In our previous work, a series of anthraquinone (AQ) polymerizable dyes were synthesized and covalently colored polymer latexes were prepared through conventional emulsion copolymerization, and the light fastness of the colored latex films were significantly improved.[Citation18–20] However, because the synthesized dyes were barely dissolved in water, it is difficult for these dye molecules to transfer from the monomer droplets to the latex particles through water phase to carry out copolymerization in the conversional emulsion polymerization process, and as a result, the dye conversion was only 82.0% when the dye amount was 1.0% to the total monomers.[Citation18] To improve the incorporation efficiency of the polymerizable dye, a more hydrophilic polymerizable dye was synthesized via six-step organic reaction, and a stable colored polymer latex was prepared with 97.3% conversion of the polymerizable dye through semi-continuous emulsion polymerization.[Citation21]

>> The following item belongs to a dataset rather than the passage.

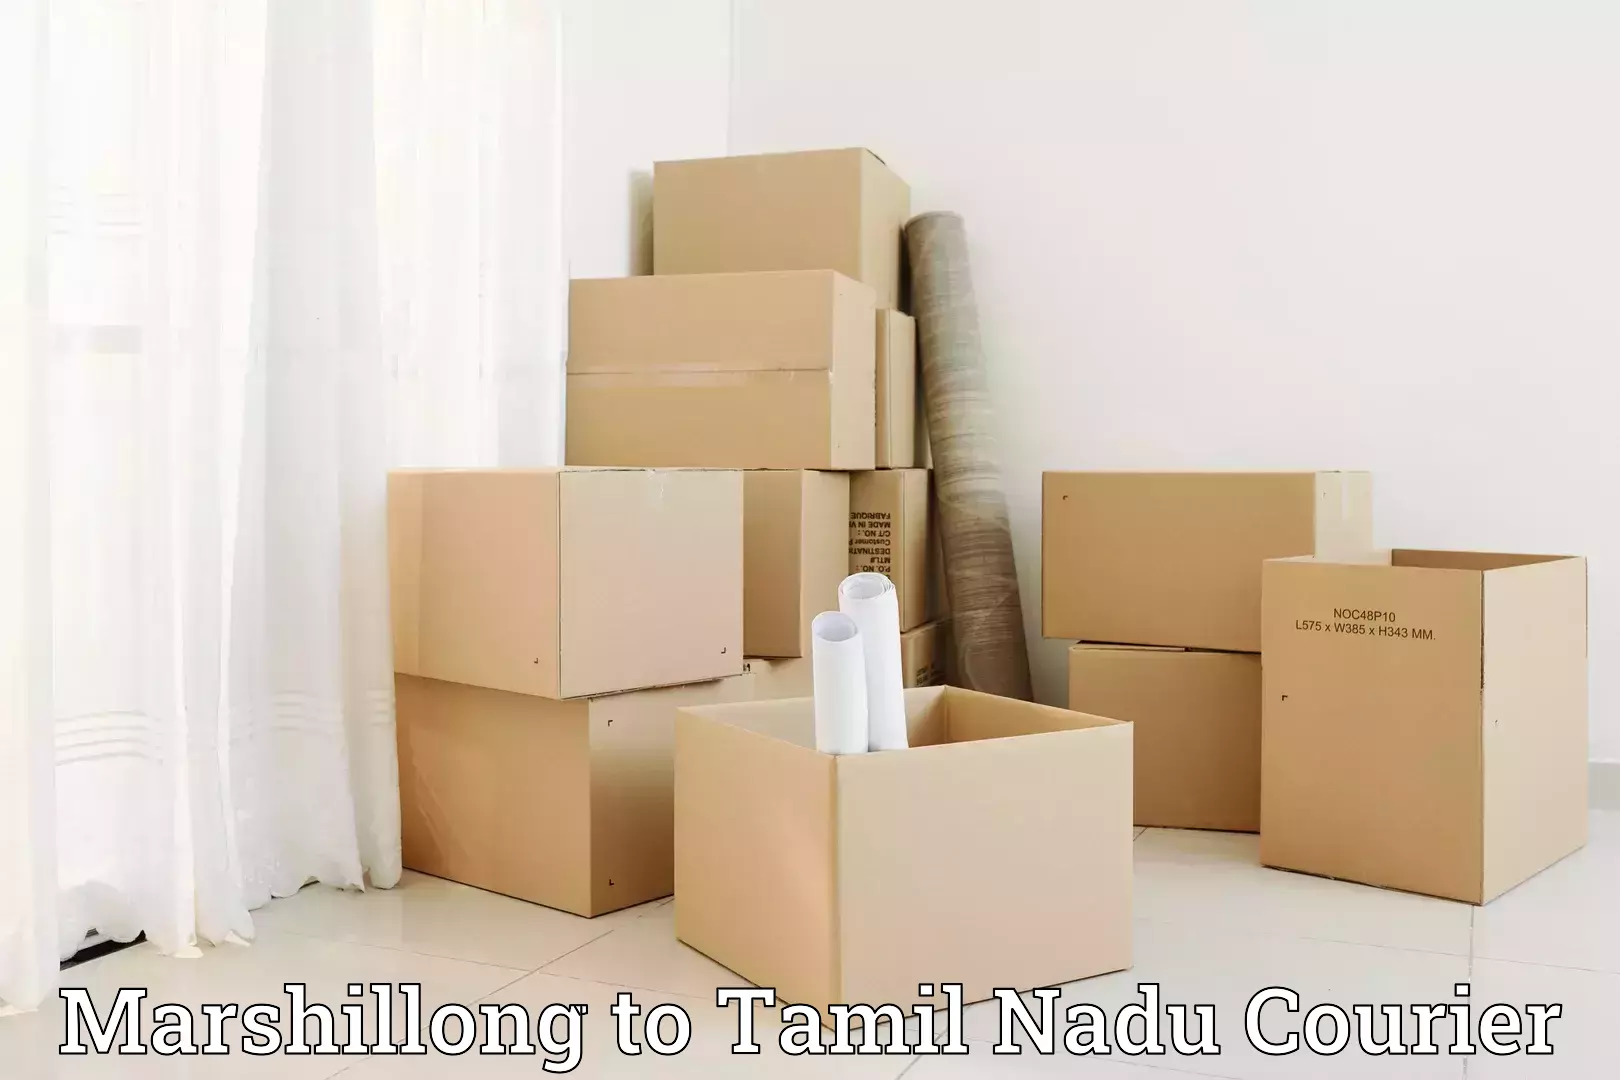 Professional movers and packers Marshillong to Periyakulam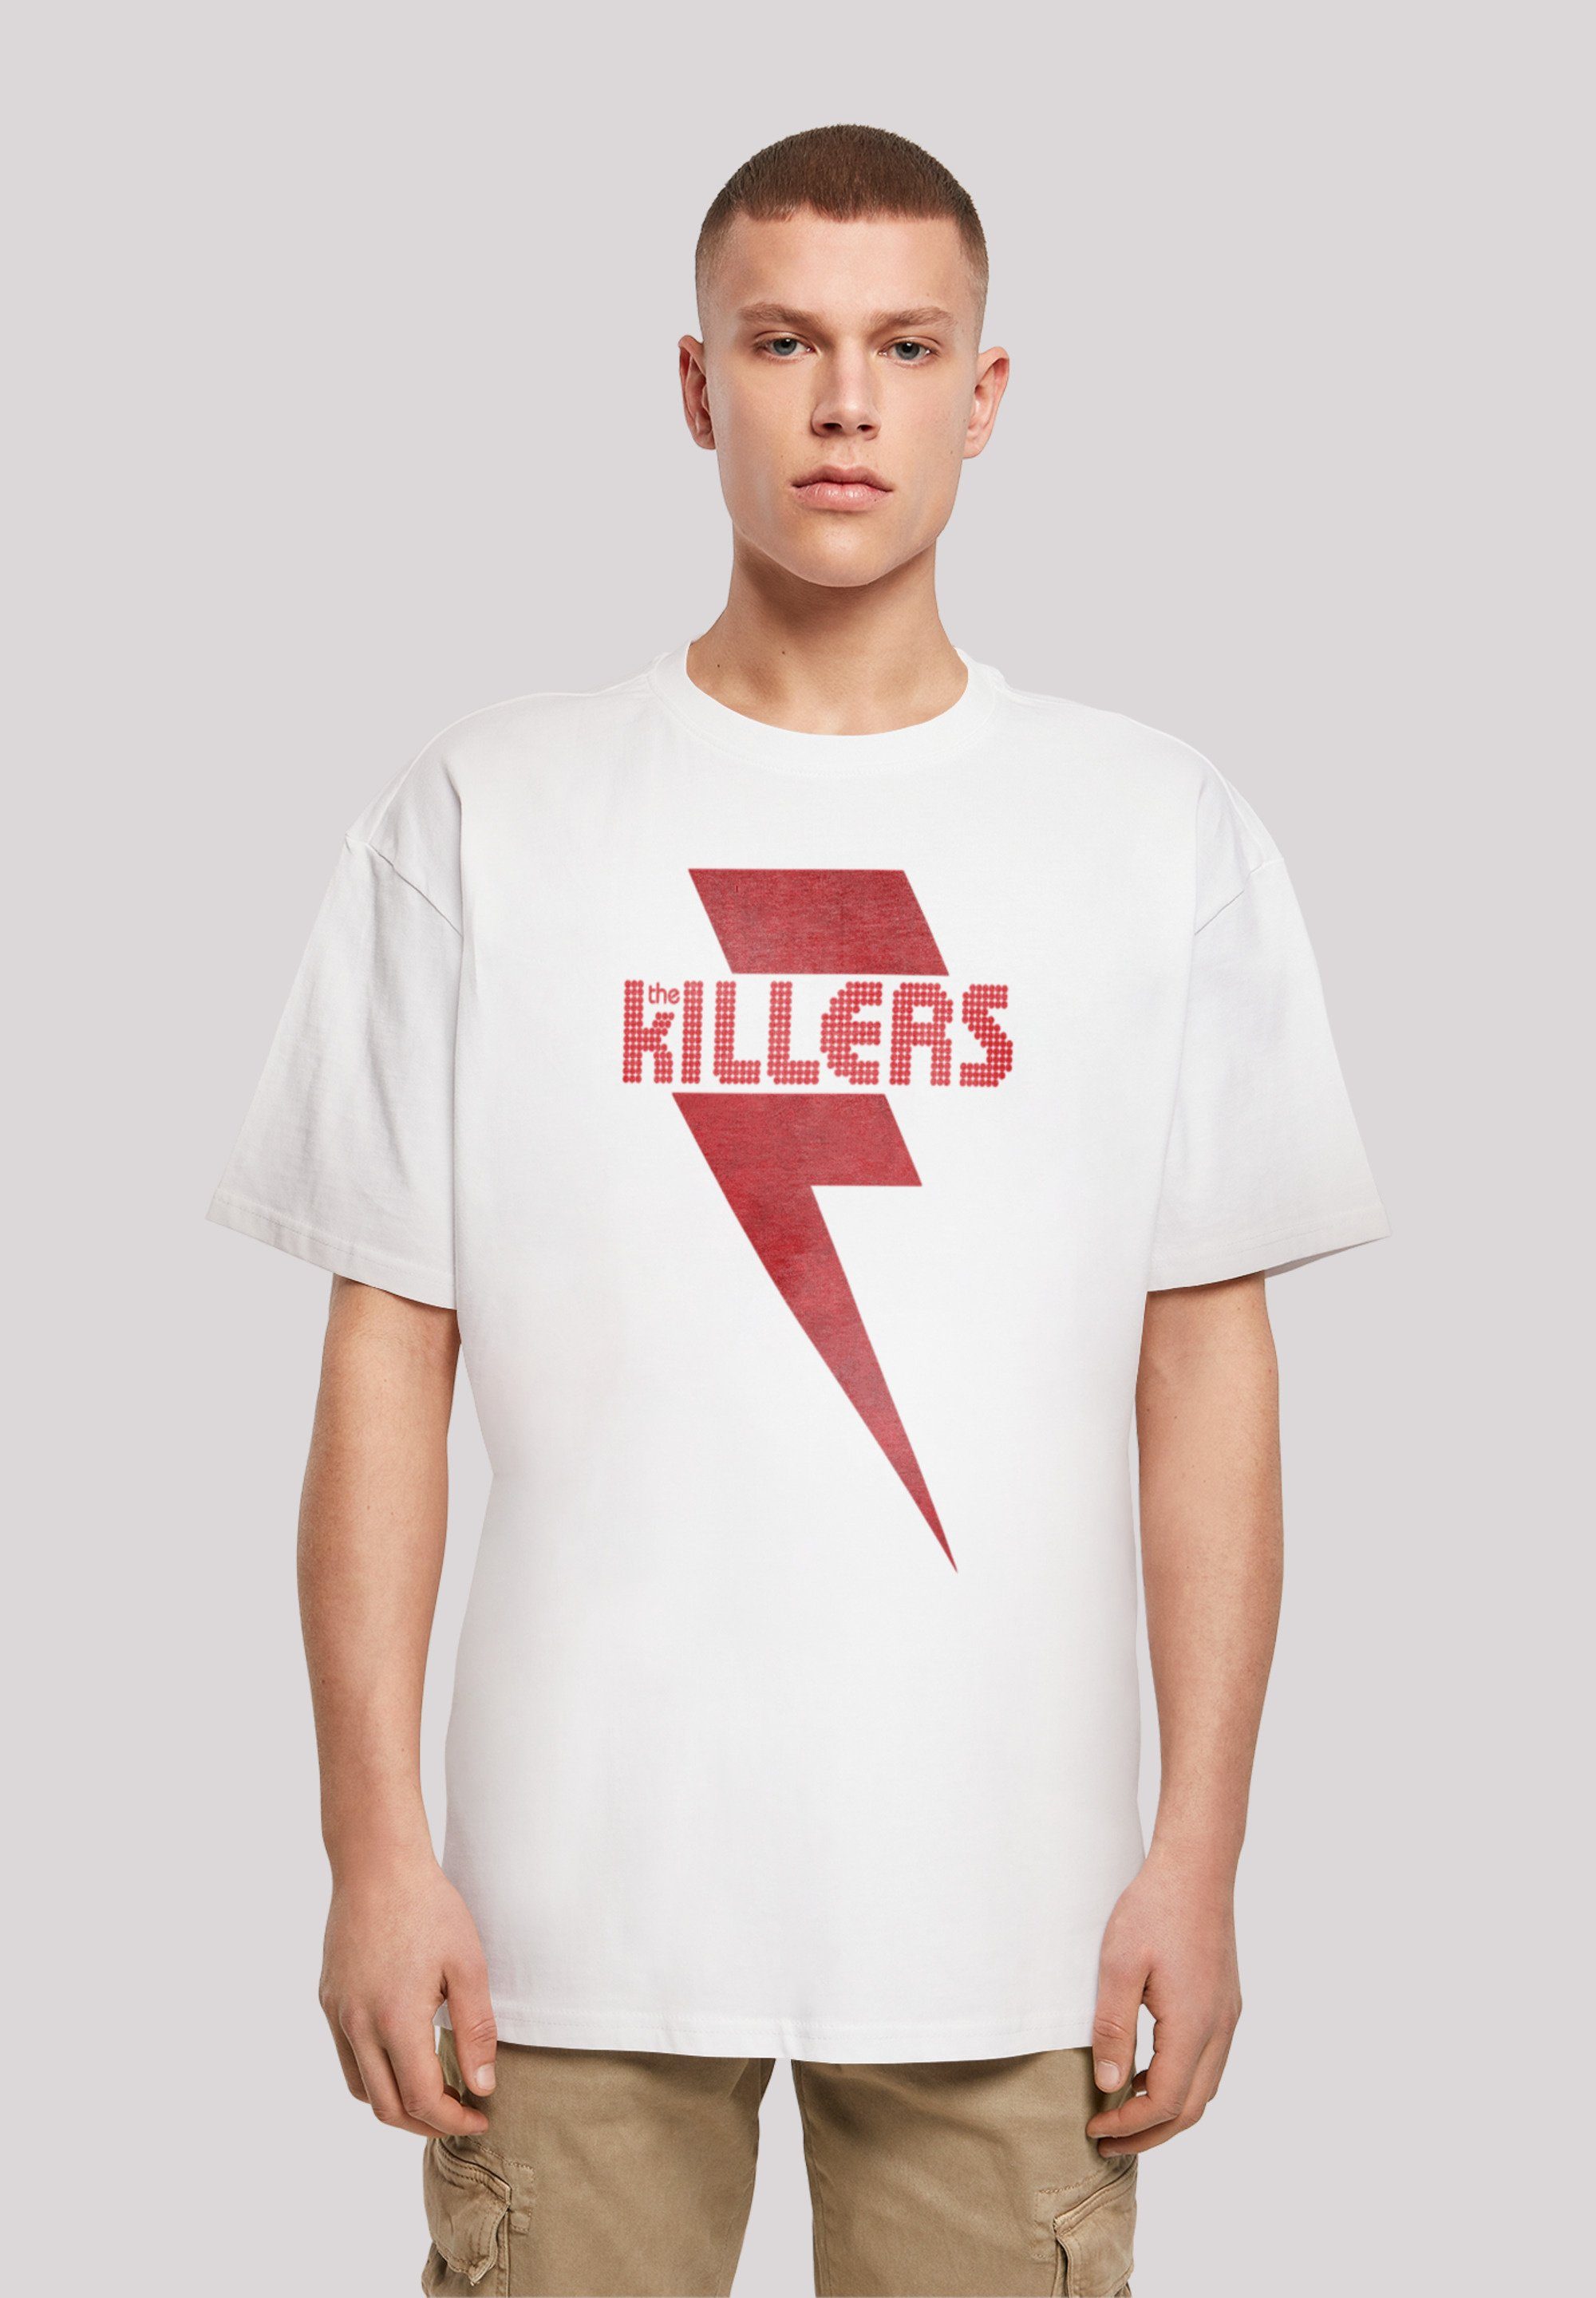 The überschnittene Passform Bolt Rock Killers F4NT4STIC und Band T-Shirt Print, Red Weite Schultern

In this work, in order to simplify the synthesis process, miniemulsion polymerization was explored to prepare covalently colored polymer latex. For this purpose, a red polymerizable dye and its corresponding red nonpolymerizable dye were first synthesized, and the red polymer latexes were then prepared using miniemulsion copolymerization of styrene (St) and butyl acrylate (BA) in the presence of the synthesized dyes. The influences of polymerization recipes on the miniemulsion polymerization were investigated, and the dye migration resistance and light fastness of the covalently colored latex films were studied and compared with the non-covalently colored ones.
2. Experimental
2.1. Materials
Styrene (St) and butyl acrylate (BA) (First Chemical Reagent Factory, Tianjin) were purified by distillation under reduced pressure to remove inhibitor. Ammonium persulfate (APS) (Shanghai Aijian Modern Reagent Co.) was recrystallized in water before use. Sodium dodecyl sulfate (SDS) and hexadecane (HD) were purchased from Aladdin. Ethyl acetate (EA), dichloromethane (CH2Cl2), dimethyl sulfoxide (DMSO), and toluene (Beijing Chemicals) were dried with anhydrous MgSO4 and stored at 4 °C. Acryloyl chloride (Aladdin), propionyl chloride (Aladdin), 1,6-diaminohexane (Aladdin), and 1-nitroanthraquinone (Wuqiao Chemical Co.) were used as received.
A red polymerizable dye 1-(6-acrylamidohexylamino) anthraquinone (AHAQ) and the corresponding nonpolymerizable dye 1-(6- propionamidohexylamino) anthraquinone (PHAQ) were synthesized according to the literature,[Citation19] and their synthetic reactions were given in Scheme .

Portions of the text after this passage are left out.